THE closure of a hospital is always sad. Hospitals are places of hope and their history is intricately woven into the communities they serve. This is particularly true of older hospitals.
The 140-bed McCord Hospital in Durban, established in 1909 but now facing closure, counts the training of thousands of medical staff and pioneering the treatment of HIV/AIDS among its milestones. The hospital, which has 400 staff, plans to shut due to cutbacks in the US government’s aid programme for HIV/AIDS, and a review by the KwaZulu-Natal Department of Health of an annual grant that amounted to R78m last year. The department is reviewing its grant because the hospital has ceased training interns and providing HIV/AIDS services to the poor, which were conditions of the grant. But the provincial government is also contemplating an offer for the facility.
The hospital needed huge capital investment to bring it up to licensing standards for private hospitals, and for the introduction of National Health Insurance.

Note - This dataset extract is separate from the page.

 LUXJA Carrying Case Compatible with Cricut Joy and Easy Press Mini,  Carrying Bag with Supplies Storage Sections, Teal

Also facing the threat of closure is Durban’s second biggest, and oldest hospital, the 524-bed Addington Hospital on the beachfront. The department plans to meet affected parties, including its 2,200 staff, and talk about the future of the hospital, which is plagued by persistent complaints about crumbling infrastructure and declining levels of service.

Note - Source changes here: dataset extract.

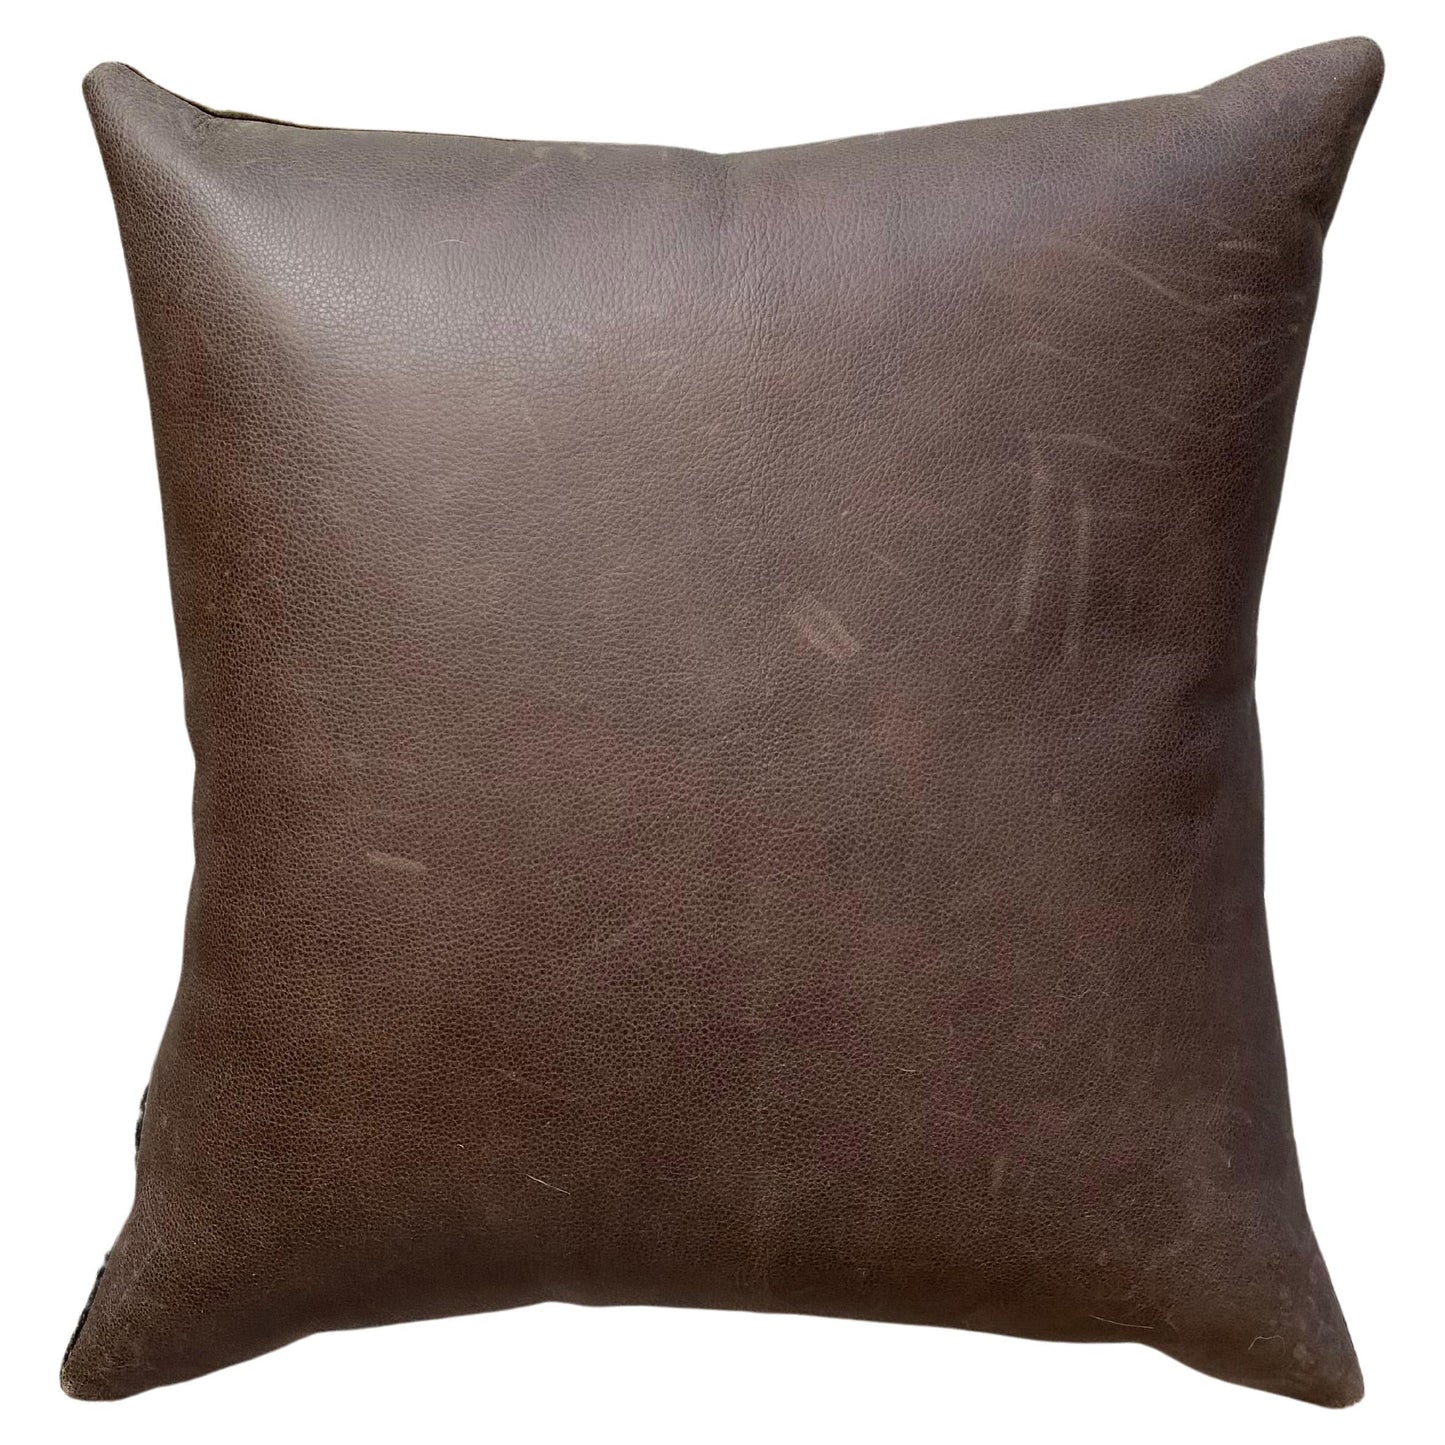 Velvet Fall Sky Pillow with Brown Leather Back

The department initially ruled out buying McCord because the hospital is saddled with debt and it needs an upgrade. Also, McCord’s management apparently wants to keep the facility a "going concern", while the department can enter into such an agreement only if the hospital provides services for the poor (at very low prices). Clearly, the government cannot financially support a privately owned hospital with a failed business model.
It is likely that McCord will close, the government will buy it and offer free services, or it will become an acquisition opportunity for a private hospital group.

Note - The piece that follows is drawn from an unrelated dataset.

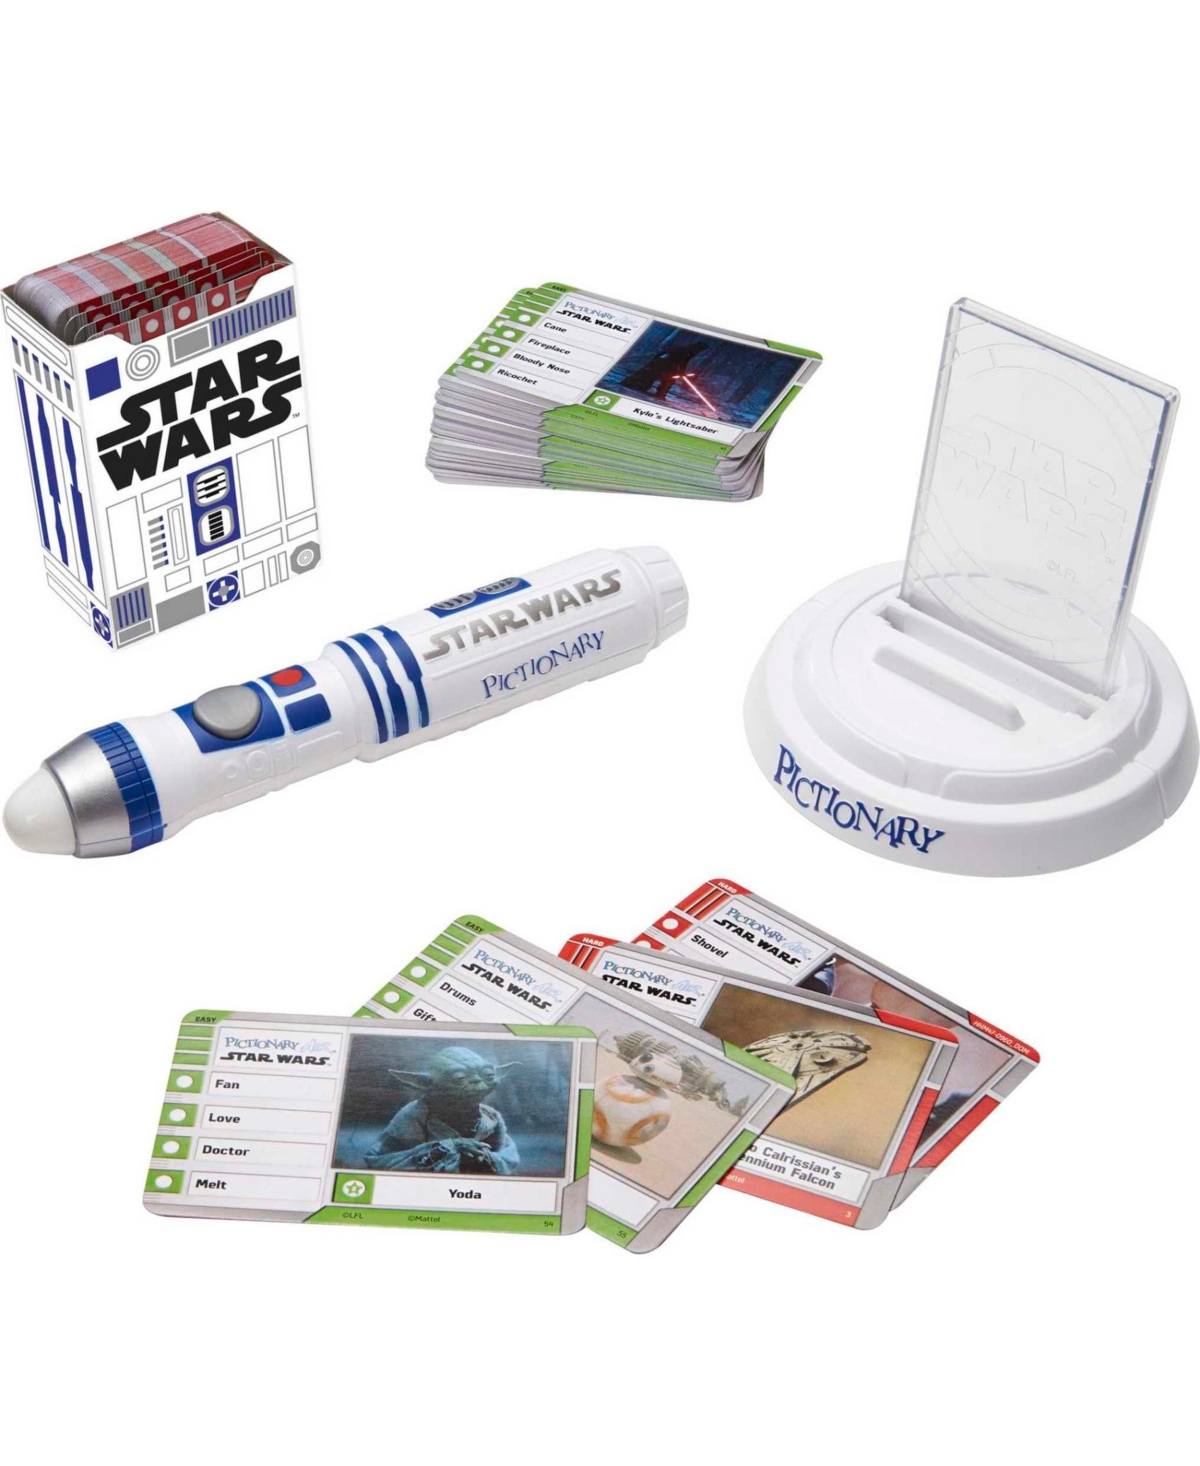 Shop Mattel Pictionary Air Star Wars Family Drawing Game For Kids And Adults In Multi

The future of Addington is more difficult to speculate about. Both hospitals undoubtedly provide valuable services to the city. But reports of infrastructure and service-delivery problems at Addington have become a regular feature in the city’s press.
Last year, the KwaZulu-Natal Legislature’s health committee members visited Addington and complained about linen and drug shortages and ageing infrastructure. A three-year revamp was started. Last week, some wards and operating theatres were closed due to air-conditioner problems.
If the department is contemplating closing the 16-storey Addington, it is likely to be mulling questions such as at what point is it more expensive to upgrade an old facility rather than build a new hospital? Is it still appropriate to have a large hospital in the middle of the city’s prime tourism destination? How much can the department afford to spend on Addington, or a new hospital, given that it also has other issues to deal with, such as a shortage of about 3,000 doctors? Are there other areas where a new hospital might be deemed a bigger priority? Is there sufficient capacity at other hospitals in the city to cope with Addington’s patients if it is closed while a new facility is built?
The last big hospital built in the city was the 846-bed Albert Luthuli Central Hospital, which opened in 2002.
My own view is that Addington is likely to remain open for many years yet, given the large number of indigent patients it cares for. But it is a good time to start planning a new big state hospital north of the city, where there is rapid growth.
A worrying aspect of McCord’s possible closure is the inexplicable view expressed by department head Dr Sibongile Zungu at a media briefing. Dr Zungu said that one of the reasons the government grant should be withheld is because McCord budgeted for a "R7m profit" in one of its financial years.
McCord is a nonprofit organisation, and such surpluses are typically reinvested in the operations as opposed to being returned to shareholders.
Perhaps she was reflecting the unhelpful ambivalence with which many left-leaning healthcare sector commentators in the government view the private healthcare sector these days.